Human ability or Total depravity

On the matter of man’s condition after the fall, Arminians sees that the sinful of man is not totally depraved, though it is admitted that man is sinful before God. The Arminians sees that man has still some merits in himself in which if he uses it, he can still please God even to the extent to save himself from the eternal punishment because man still has the ability to choose what is best for him. In other words, within the nature of man there is still value which is not corrupted by the fall. For this reason, man still has a free will or an ability to choose good or evil in spiritual matters. Because man has an ability to choose what is good, therefore when man chooses God the Almighty, Creator of heaven and earth, this becomes man’s contribution unto his salvation.

On the contrary the Calvinism looks at man as totally depraved, inability to choose what is good. The very nature of man is corrupted and there is nothing in man that pleases God. Whatever man does, and thinks is always against the will of God. This does not mean that man can not choose to do good things in their lives, community, environment and plan but whatever good things that man chooses it is according to human standard of selfish merits because “man’s nature is corrupt, perverse, and sinful throughout. . . . The corruption extends to every part of man, his body, soul; sin has affected all (the totality) of man’s faculties – his mind, his will etc.” Often man does something good with selfish motives (cf.

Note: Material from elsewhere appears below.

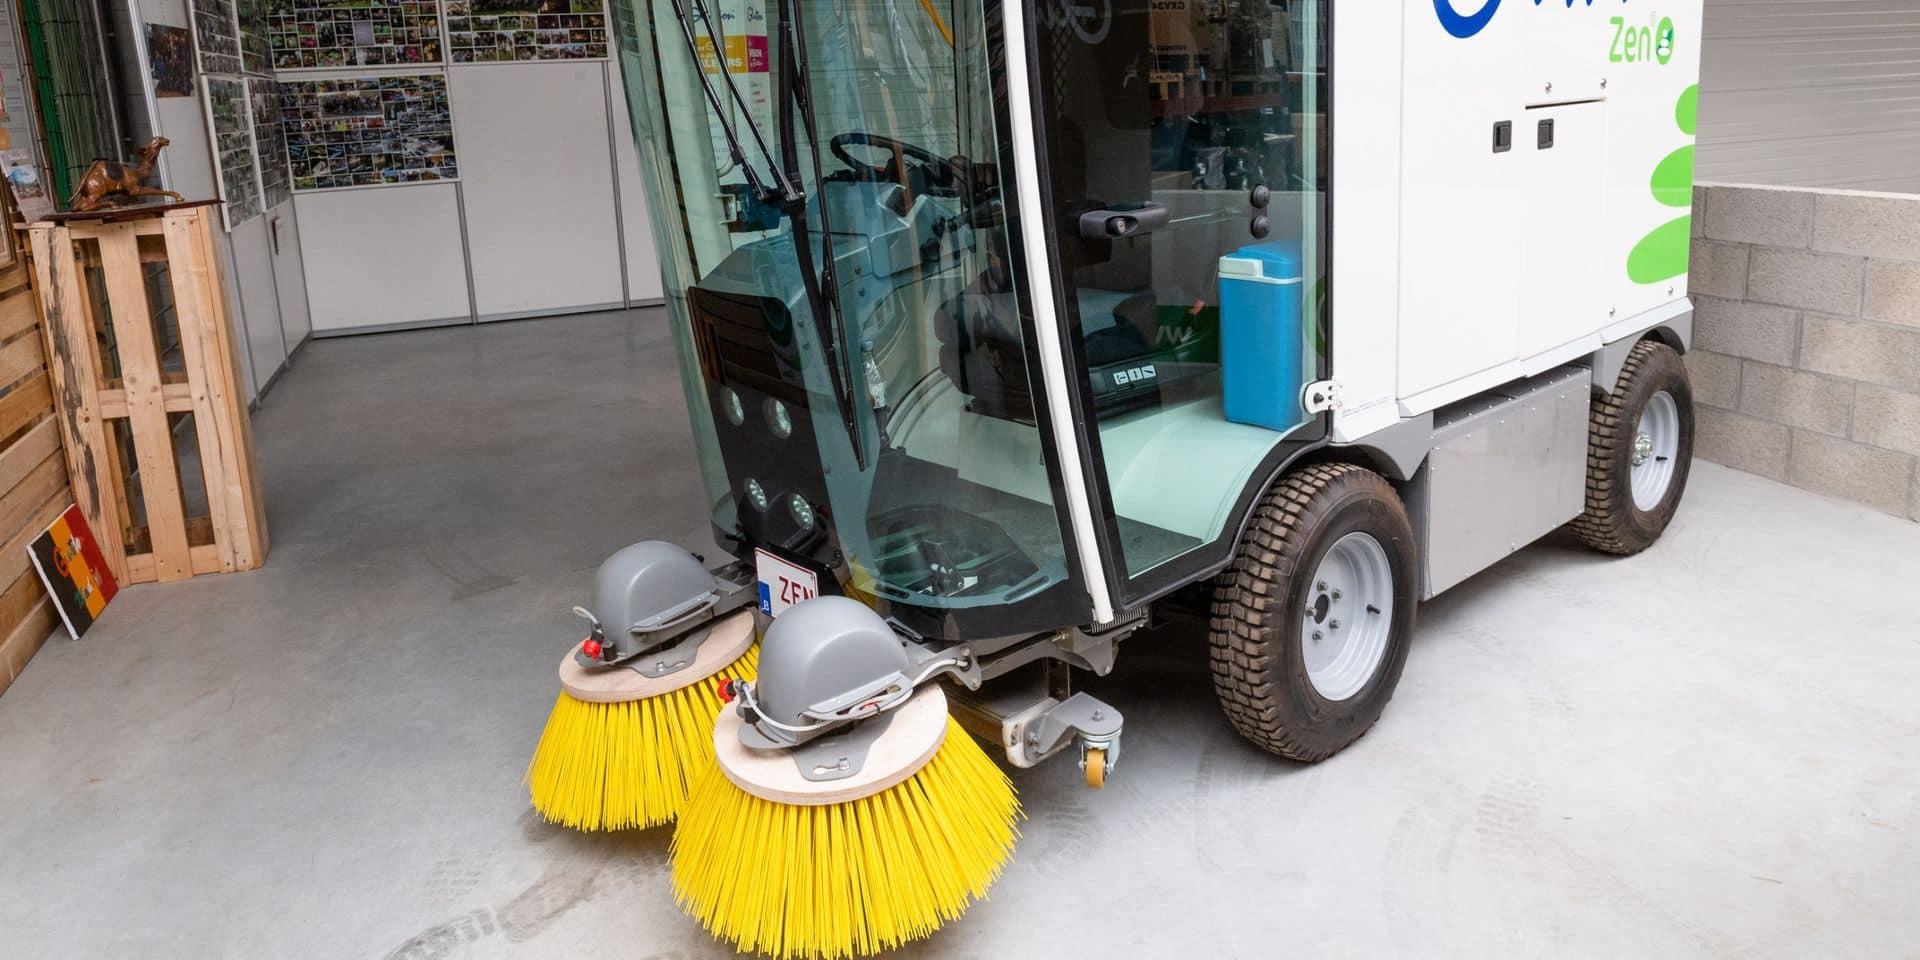 Nettoyage de printemps pour les avaloirs à Nivelles: attention au stationnement...

Jer. 17:9). By nature man cannot do anything good spiritually according to the standard of God’s perfect merits. The apostle Paul quoted Psalms 14 and 53 when he wrote, “there is none righteous, no, not one: there is none that understandeth, there is none that seeketh after God. They are all gone out of the way, they are together become unprofitable: there is none that doeth good, no, not one. . . . there is no fear of God before their eyes” (Rom. 3:10-18).

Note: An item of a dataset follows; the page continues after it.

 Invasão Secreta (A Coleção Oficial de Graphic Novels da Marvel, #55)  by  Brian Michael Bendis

The question is raised, what has happened to human kind that man cannot choose anything good except for his own selfish purpose and glory? The answer is found in the first book of the Bible. When God created Adam and Eve, they were perfect and sinless and having a free will to choose good or evil, yet they were not having eternal life. Being the first parents of human being, Adam and Eve, were the representative of all human being. In order for them to have eternal life, they were placed under a test in the Garden of Eden. The test was that God placed two special trees in the Garden of Eden, the tree of life and the tree of the knowledge and (Gen. 2:8). And the Lord commanded, “Of every tree of the garden thou mayest freely eat: But of the tree of the knowledge of good and evil, thou shalt not eat of it: for in the day that thou eatest thereof thou shalt surely die” (Gen. 2:16-17). Adam had a free will to choose to follow God’s commandment or to disobey God. The Bible said that Adam chose to disobey God by partaking of the forbidden fruit (Gen. 3:1-7). This was the beginning of the corruption of human nature because from this time onwards man became sinful and separated from God. Man is totally depraved and whatever man does is sinful before God. Sinfulness has become the very nature and character of man because of the fall of Adam. Sin was passed from Adam to his children and from his children to the next generation and so on.

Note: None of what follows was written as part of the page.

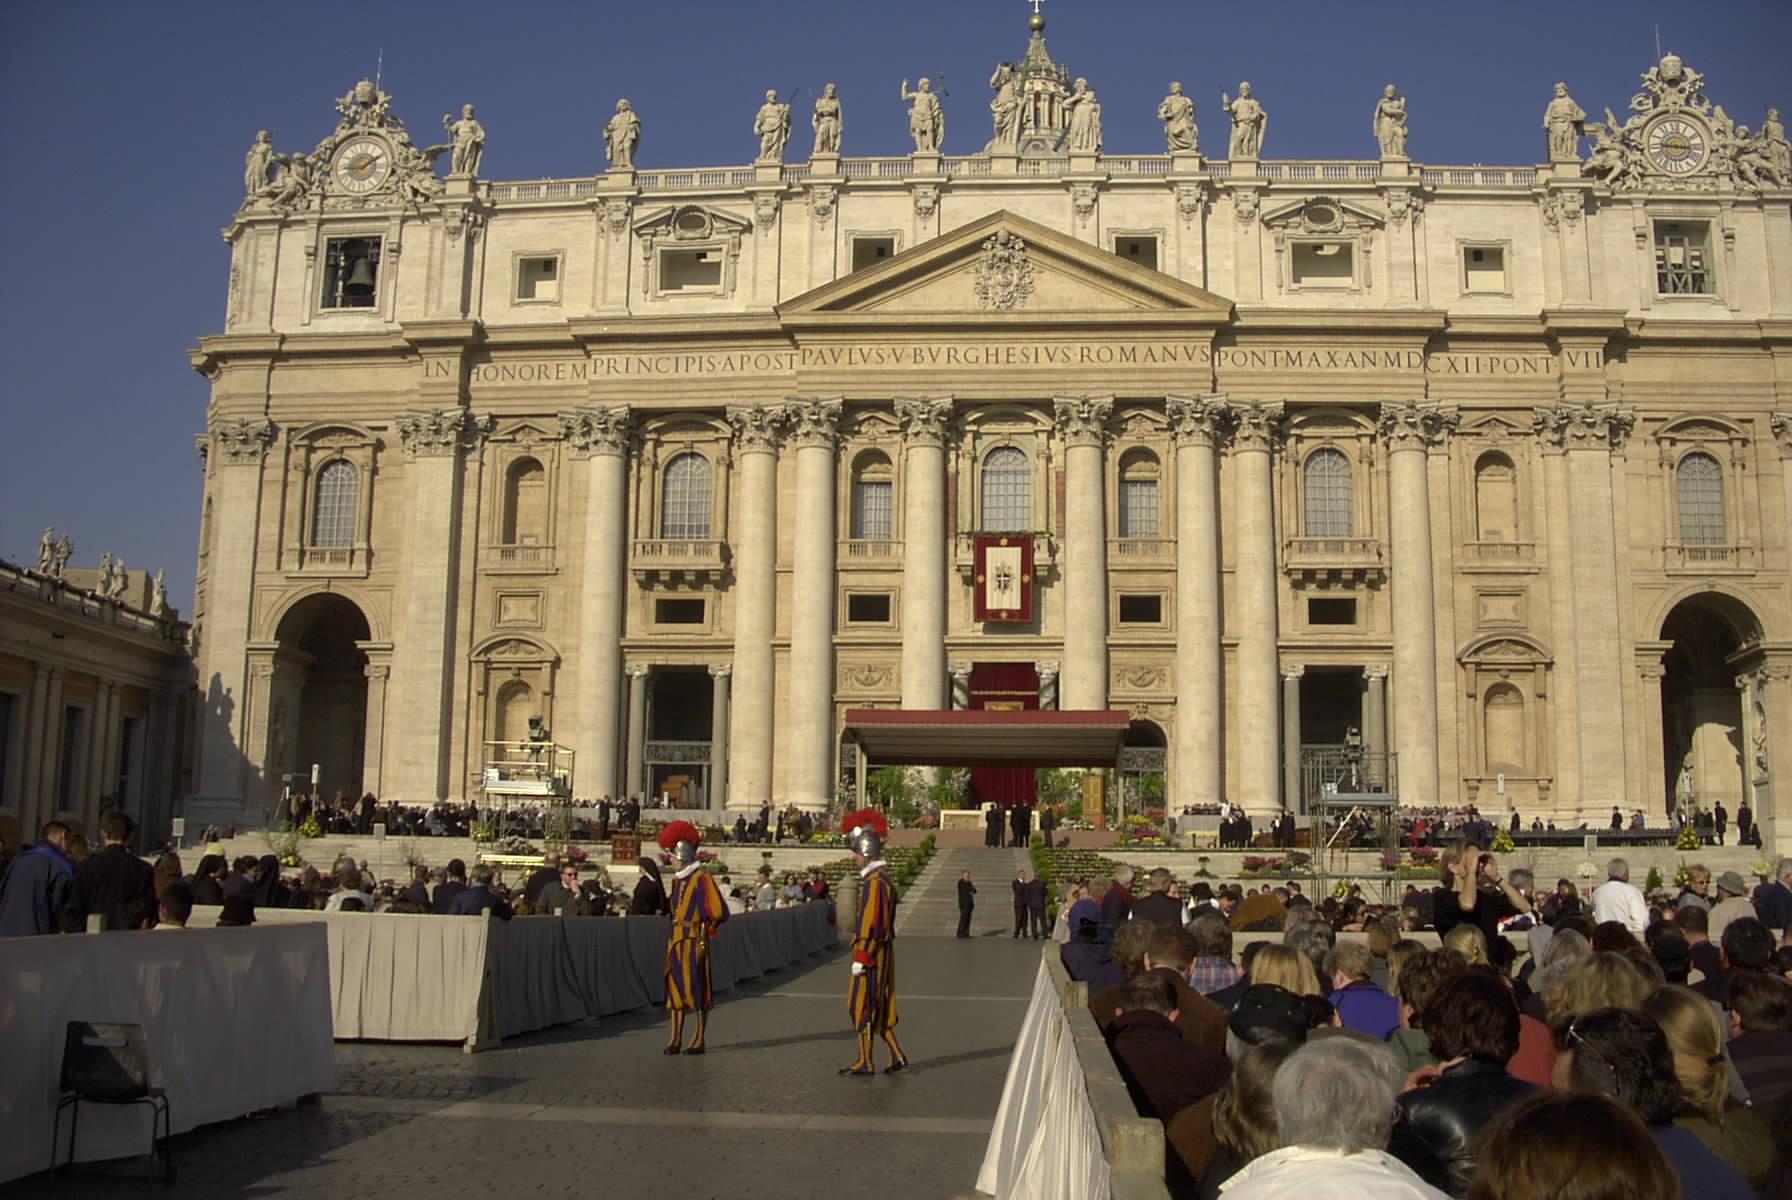 Piazza di San Pietro

Because of the corruption of human nature, man cannot do anything good in order to save his own life because “the natural man is enslaved to sin; he is a child of Satan, rebellious toward God, blind to truth, corrupt, and unable to save himself or to prepare himself for salvation.” The desire of natural man is to do evil and to please his own lusty flesh and ambitions. Man does not have a free will anymore. By nature man is enslaved to do evil. For that reason in order for man to obtain salvation, man needs the grace of God. As Paul said, “For by grace are ye saved through faith: and that not of yourselves: it is the gift of God” (Eph 2:8). In another occasion Paul also said, “Not by works of righteousness which we have done, but according to his mercy he saved us, by the washing of regeneration, and renewing of the Holy Ghost” (Tit. 3:5). This was the basis of Calvinism to say that “Faith is not something man contributes to salvation but is itself a part of God’s gift of salvation – it is God’s gift to the sinner, not the sinner’s gift to God.” But the Arminianism on the other hand said, “The lost sinner needs the Spirit’s assistance, but he does not have to be regenerated by the Spirit before he can believe, for faith is the sinner’s gift to God; it is man’s contribution to salvation.” This first point of Calvinism is the most important point of the five points because the rest of the points are subordinate to this point.